The g4g8 bracelet is also product-rich for adjacent pairs, yielding the products:
40 20 4 7 42 18 6 16
and for four adjacent beads, yielding the products:
160 140 168 126 252 288 240 320
Hence, it's also product-rich for any number (say five) adjacent beads. Of course, larger products will require a larger book to work with!
Note that the triple sums and triple products considered and the words at the beginning or end of each corresponding page are disjoint too, which allows for a fun variation as follows.

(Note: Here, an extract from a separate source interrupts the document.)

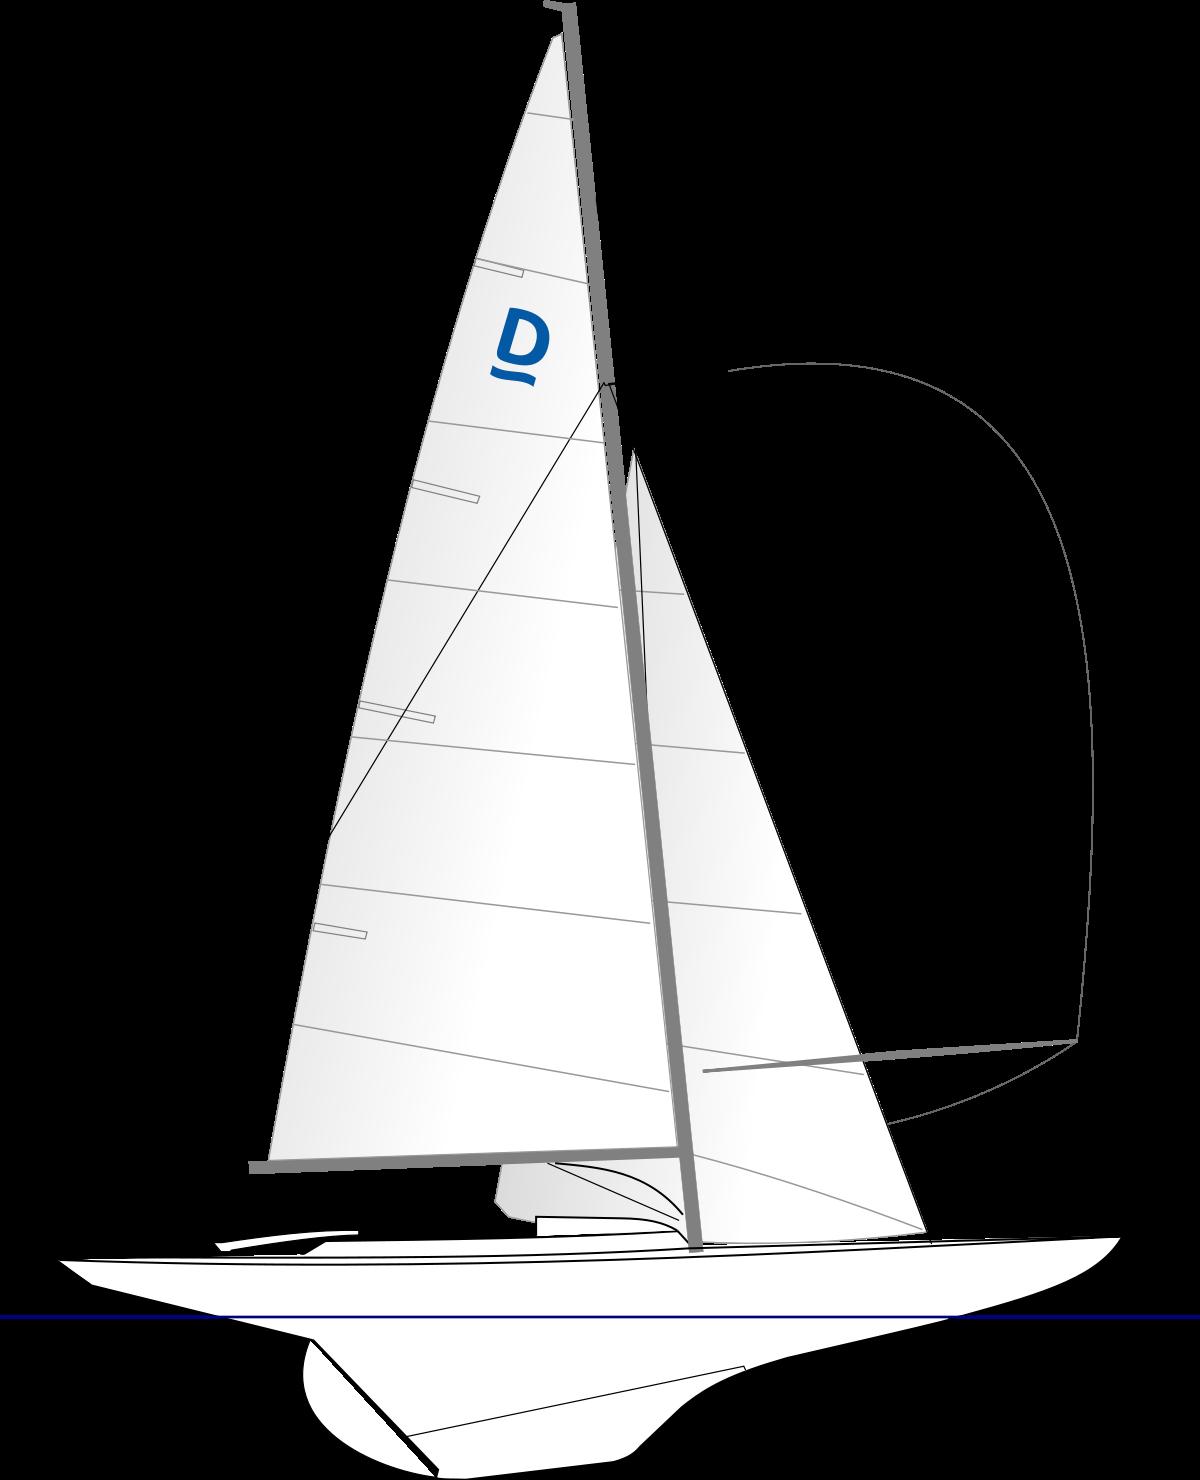 Riss Drachen mit Klassensymbol «D»

Have three adjacent cards selected and say, "I'd like you to add or multiply—I don't care which—the values you got, and turn to that page of this book. What is the first word of text there?" You can name all three cards provided that you have memorized the tables involved.

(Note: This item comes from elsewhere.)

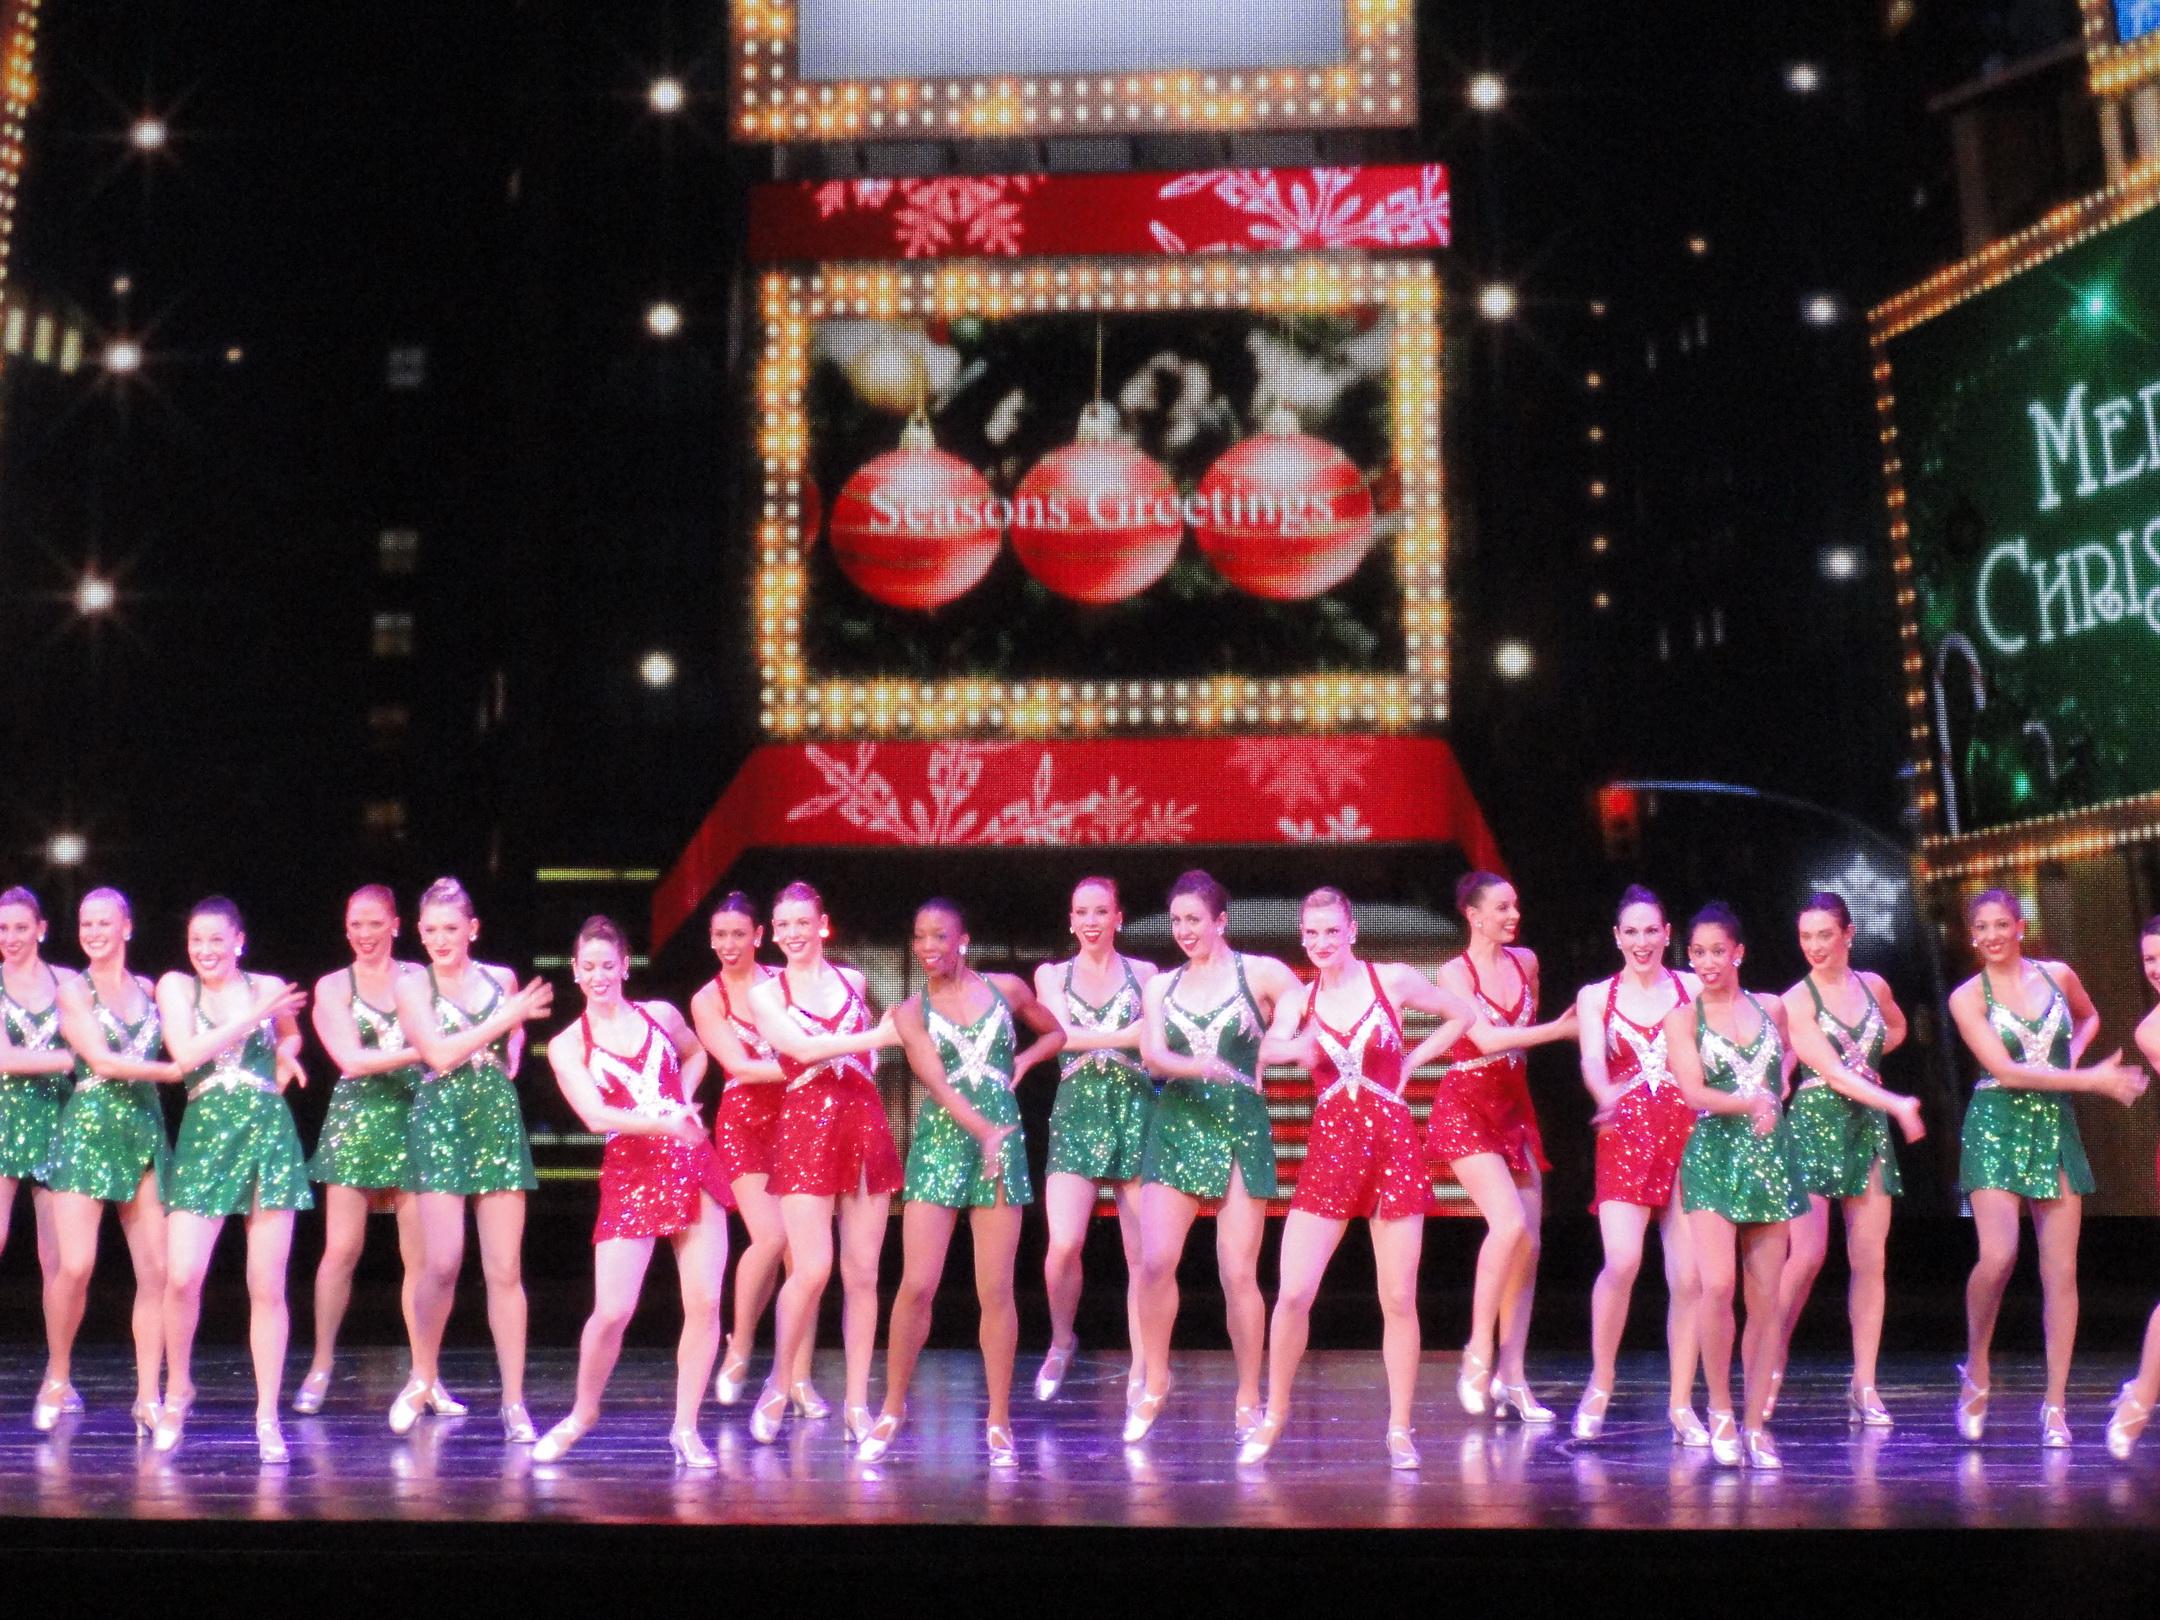 christmas-costumes-02069

The permutation [8 5 4 1 7 6 3 2] which generates the g4g8 bracelet is far from being the only ordering which yields distinct triple sums. E.g., straight numerical order 1, 2, 3, ..., 8, yields these totals:
11 6 9 12 15 18 21 16
Some permutations, e.g., [8 2 3 5 1 6 7 4], yield distinct double sums (but not distinct triple sums), and hence can be used to identify two cards based on the sum of their values. Since 5 + 4 = 6 + 3, our favoured [8 5 4 1 7 6 3 2] does not yield distinct double sums.
There are also numerous permutations, such as [2 3 5 7 8 4 6 1], that yield distinct quadruple sums as well as distinct triple sums. For such permutations, the sums of four adjacent card values could be asked (or fished) for, and all four cards successfully named. Again, our favoured [8 5 4 1 7 6 3 2] fails on this count.

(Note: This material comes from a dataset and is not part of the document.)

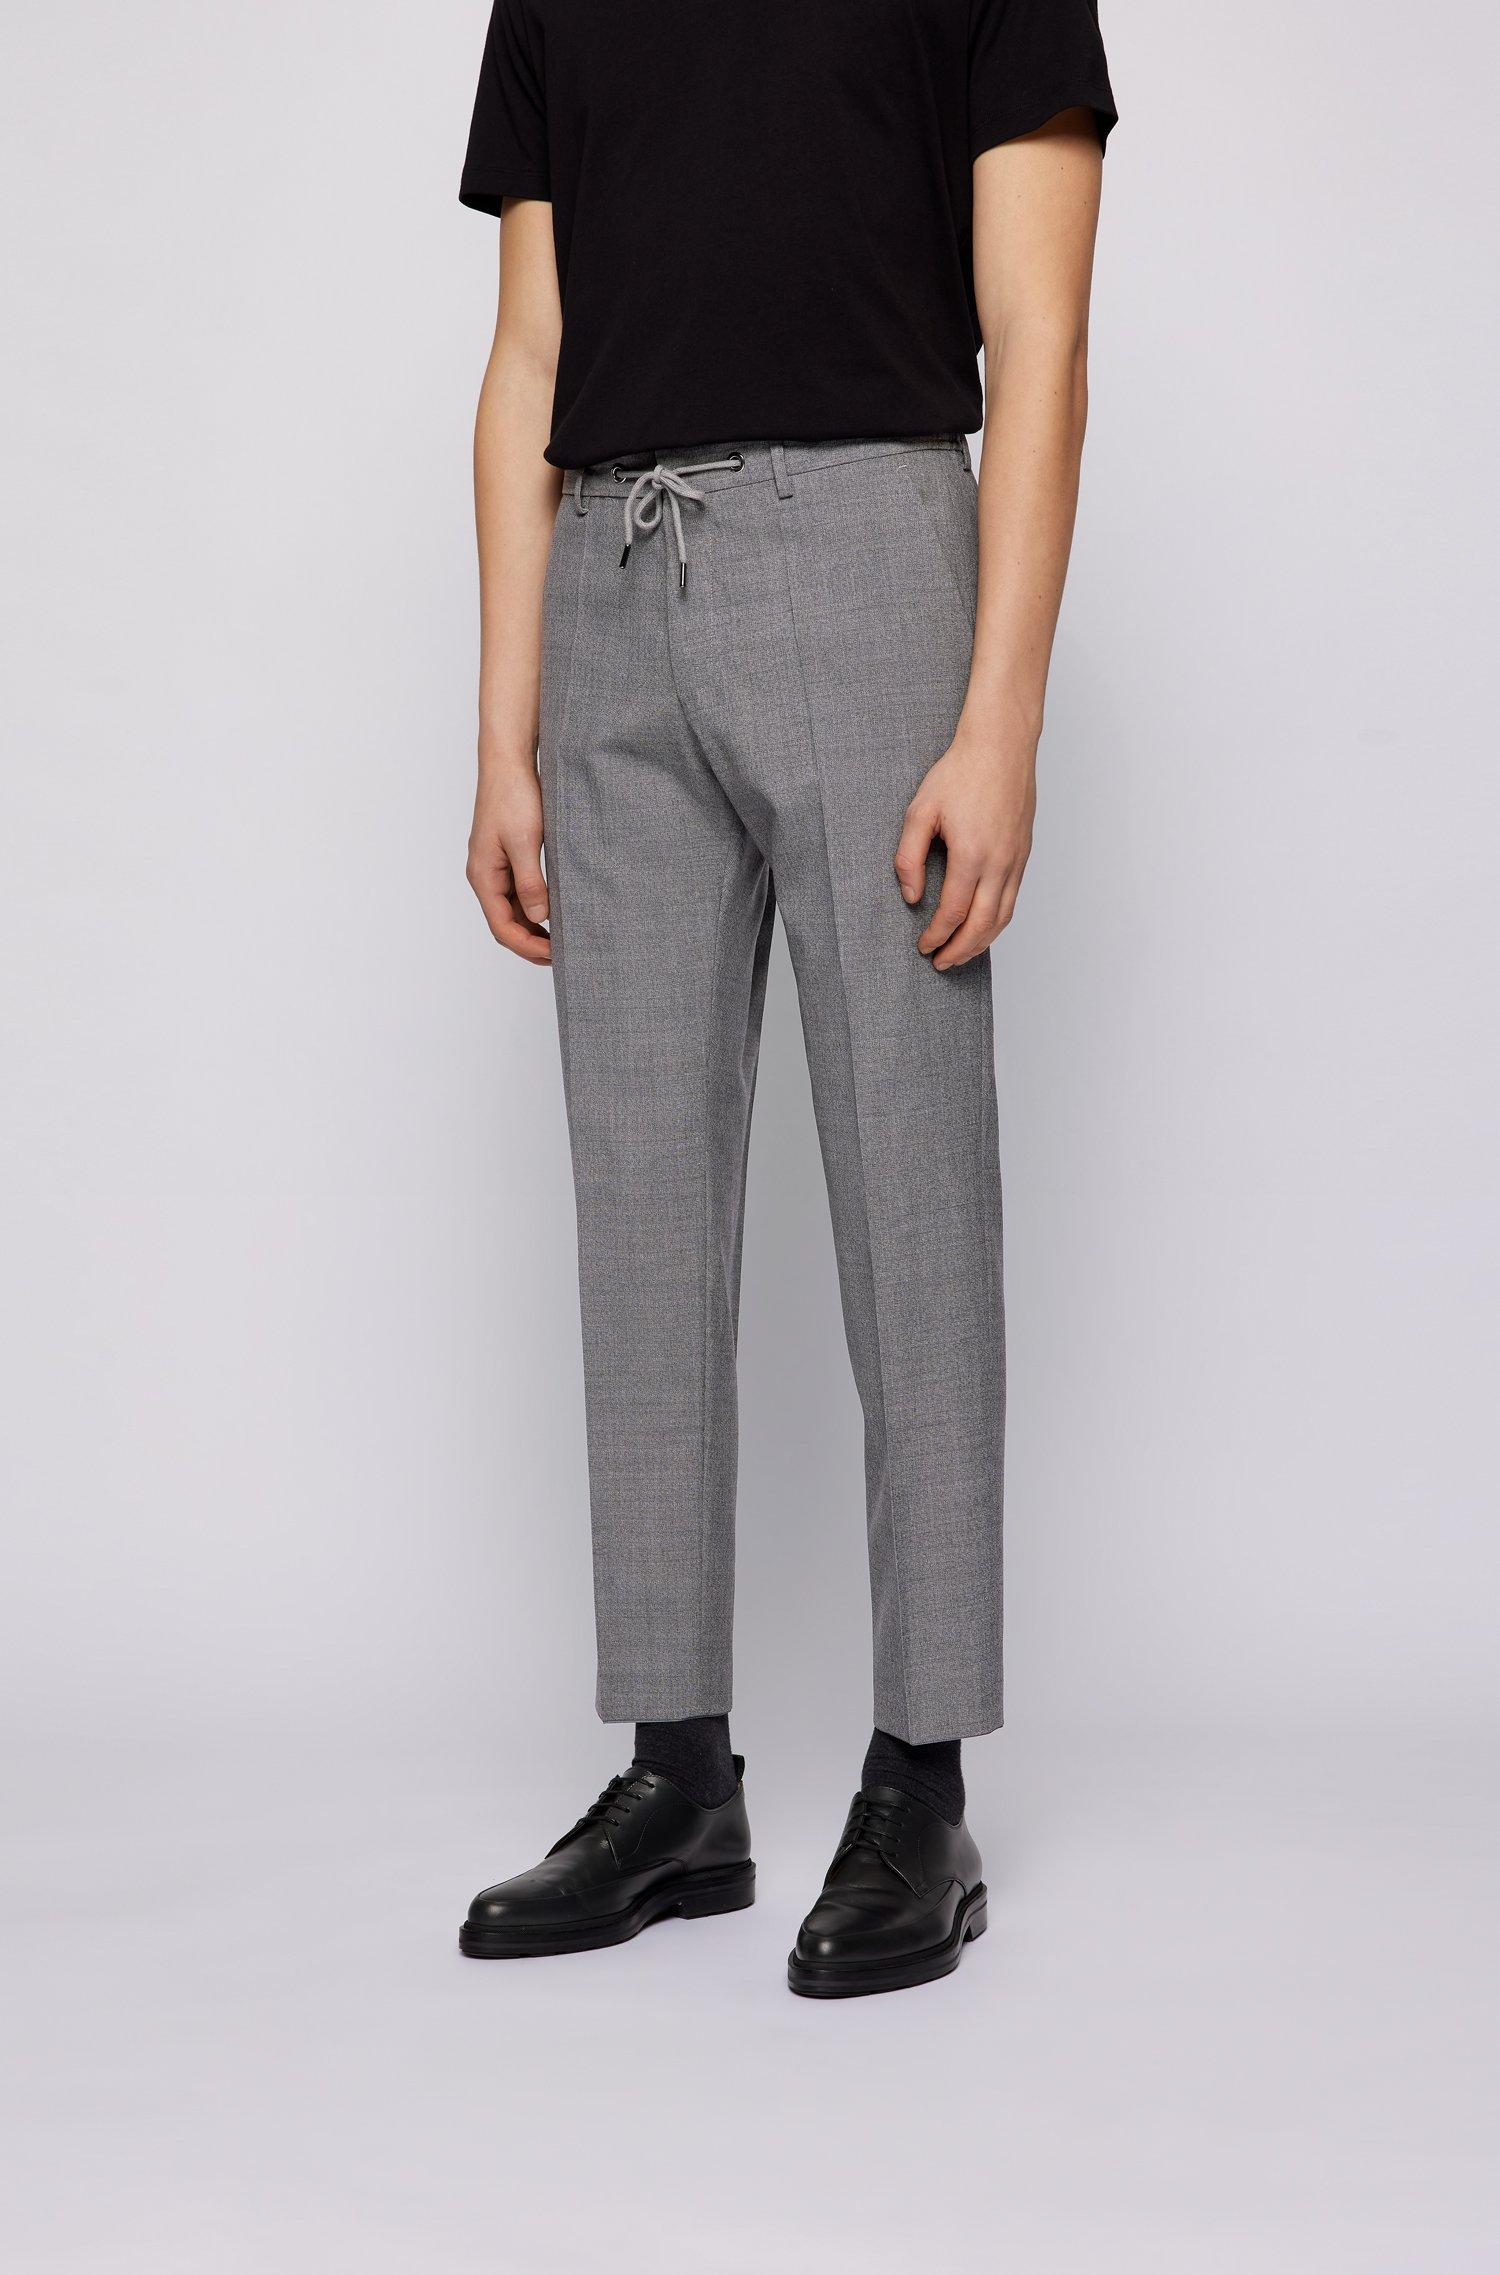 High-waisted slim-fit trousers in virgin wool, Grey

Note: those of an octal bent may wish to work with the equally alphabetic [5 4 1 7 6 3 2 0] instead, making modifications as required.
If we snip off the first bead (8) of the g4g8 bracelet and leave it open (unlooped, e.g., a row of cards), we obtain one to seven in alphabetical order:
[ 5 4 1 7 6 3 2 ]
This can be checked to be sum- and product-rich for adjacent triples. Even shorter bracelets are also easily explored.
The open bracelet
[ 8 5 4 9 1 7 6 3 2 ]
(one to nine in alphabetical order, with the ends not joined) is sum-rich for four adjacent beads, yielding the sums:
26 19 21 23 17 18
If we alphabetize all ten digits—in a row of cards a Joker can be used in place of the zero—we obtain the open bracelet:
[ 8 5 4 9 1 7 6 3 2 0 ]
which is also sum-rich for four adjacent beads, yielding the sums:
26 19 21 23 17 18 11
Here is a mnemonic that may help out with the last two cases: given the total, subtract 10 and see which word length the answer corresponds to in the phrase:
(I) remember nothing calculational effectively eliciting disqualification
—said backwards! It's a bit of a mouthful, but the pay-off is the ability to name four adjacent cards from a "random row" knowing only the total value.
Curiously, the modified open bracelet [0 8 5 4 9 1 7 6 3 2] has adjacent sums of five beads alternating 26 and 27, i.e., is sum-poor, which is more or less where we came in.
(On an unrelated note, Martin Gardner points out that the number 8549176320 has another curious property: divide it by 5... once then twice. Notice anything?)
Colm Mulcahy (email@example.com) completed his PhD at Cornell in 1985, under Alex F.T.W. Rosenberg. He has been in the department of mathematics at Spelman College since 1988, and writing Card Colms—the only MAA columns to actively encourage lying on a regular basis—bi-monthly since October 2004. For more on mathematical card tricks, including a guide to topics explored in previous Card Colms, see http://www5.spelman.edu/~colm/cards.html.
"Disdain Tin Calculator," "Tactic Ordinal Sundial," "Crucial Addition Slant" and "Cards Laid Until Action" are all anagrams of each other, and of something else interesting.